# Problem with Shure frequency limitations



## CACtechdude21 (Sep 12, 2010)

We have 12 Shure SLX - H5 and J3 frequencies. We are experiencing several dropouts and reported this to Shure. Shure said that FCC band limits the use of our system especially the J3's. Did anyone else experience this problem and how did you resolve it?


----------



## EmpireEntertainment (Sep 12, 2010)

ive got 8 sets Shure slx24 with a beta 58 mic and no drop outs here


----------



## Chris15 (Sep 12, 2010)

Can you please confirm how many are in each band split?
Are you using coordinated frequencies?

WWB says I can't get any frequencies in J3 for the ZIP codes for your address, so I'm not surprised you are having issues...


----------



## CACtechdude21 (Sep 12, 2010)

We have 12 total. 4 units are H5, and 8 are on J3. 
We are located in Ontario California and here are Shures frequency limitations:

Band= H5 (TV Channels 22-25)
Max no. of transmitters: 8
Recommended group: Group: 3
Recommended channels; 1 (518.2), 2 (519.675), 3 (520.8), 4 (522.45), 5 (523.75), 10 (536.575), 11 (539.6), 12 (541.575)

Band J3 (TV Channels 31-34) is not recommended in ONTARIO, California
below is the link to site for (ontario w/ SLX model):
Wireless Frequency Selection Guide

It will cost $3328.00 for 8 units (in exchange fee per shure) to swap receivers and transmitters.

The wireless system is installed in our Church's auditorium.

I have installed the Shure antennae paddles facing on stage where performers.

This has limited drop-outs but not for all mics and certain areas of the stage.

I have noticed that there strong drop out spot on center stage, it appears to be like a certain invisible force field that cuts off the mics.

What ever suggestions you can give will be a big help.


----------



## Chris15 (Sep 12, 2010)

So SLX band J3 is TV channels 31-34;
On channel 31 is KTLA at 1000 kW, 32 is KDOC at 1000 kW, 33 is KTBN at 1000 kW and 34 is KMEX with a pending application for 500 kW.
An SLX transmitter is 30 mW. So the TV transmitters 29 miles away are 33 million times, or 75 dB more powerful.
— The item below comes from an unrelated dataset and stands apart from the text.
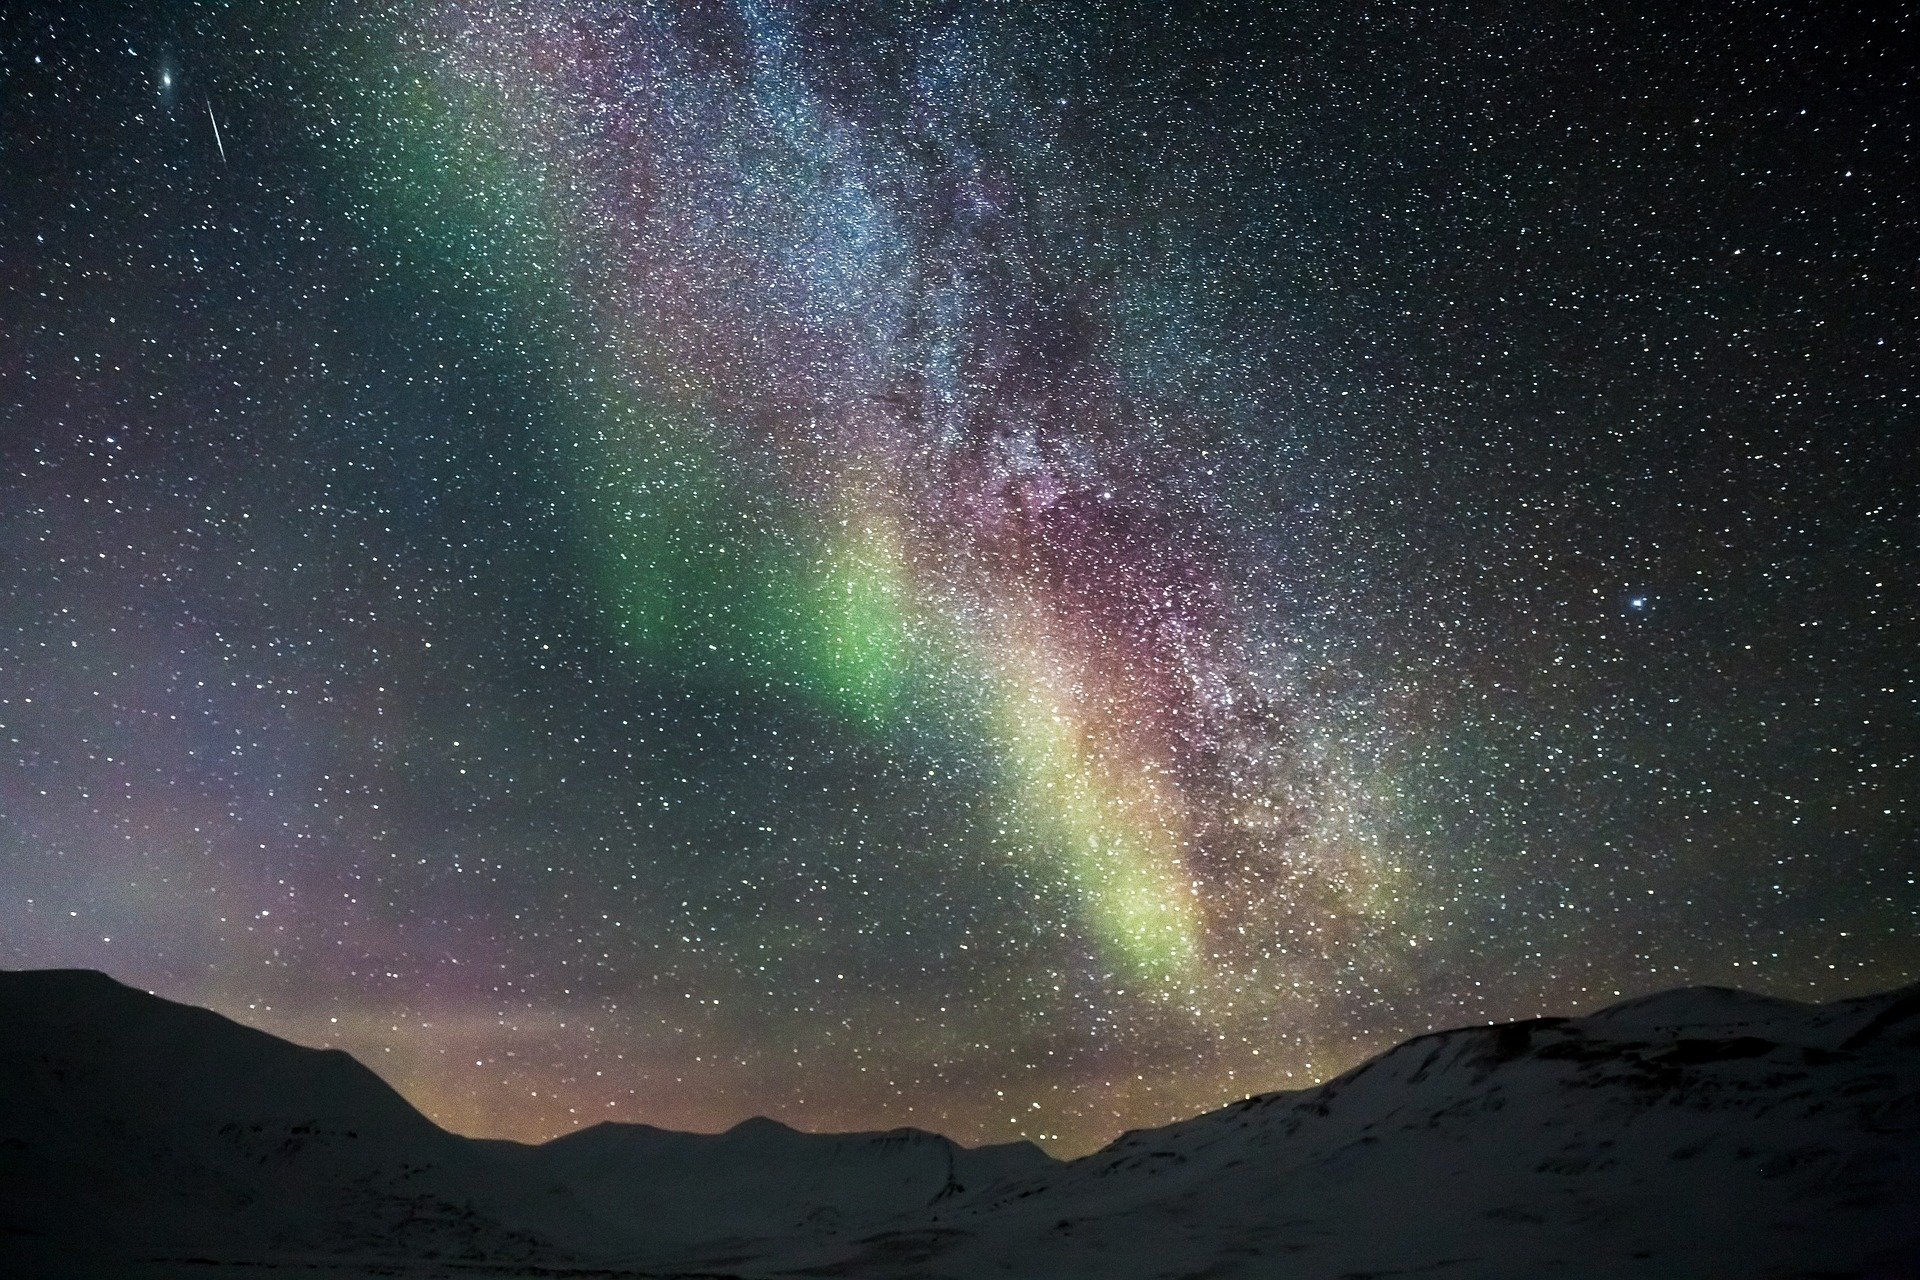 Cerul noptii vazut de la Polul Nord

But apply some free space loss calculations and it looks like it MIGHT be possible to salvage something.

Don't expect an easy fix. We might be able to work something out, but it's going to be complicated and every little bit will be critical down to cable selection, termination, etc. etc.

Let's start with more information. Distance from transmitters to antennas, construction of the building, topography of the site (if you were on the roof could you see the TV transmitters or are there buildings in the way?), cable length and type between paddles and whatever is next - distribution? Handheld or beltpack or a combination?
Photos could be useful. What's around this dead zone as you call it? Anything large and metallic? Large bodies of water? The choir?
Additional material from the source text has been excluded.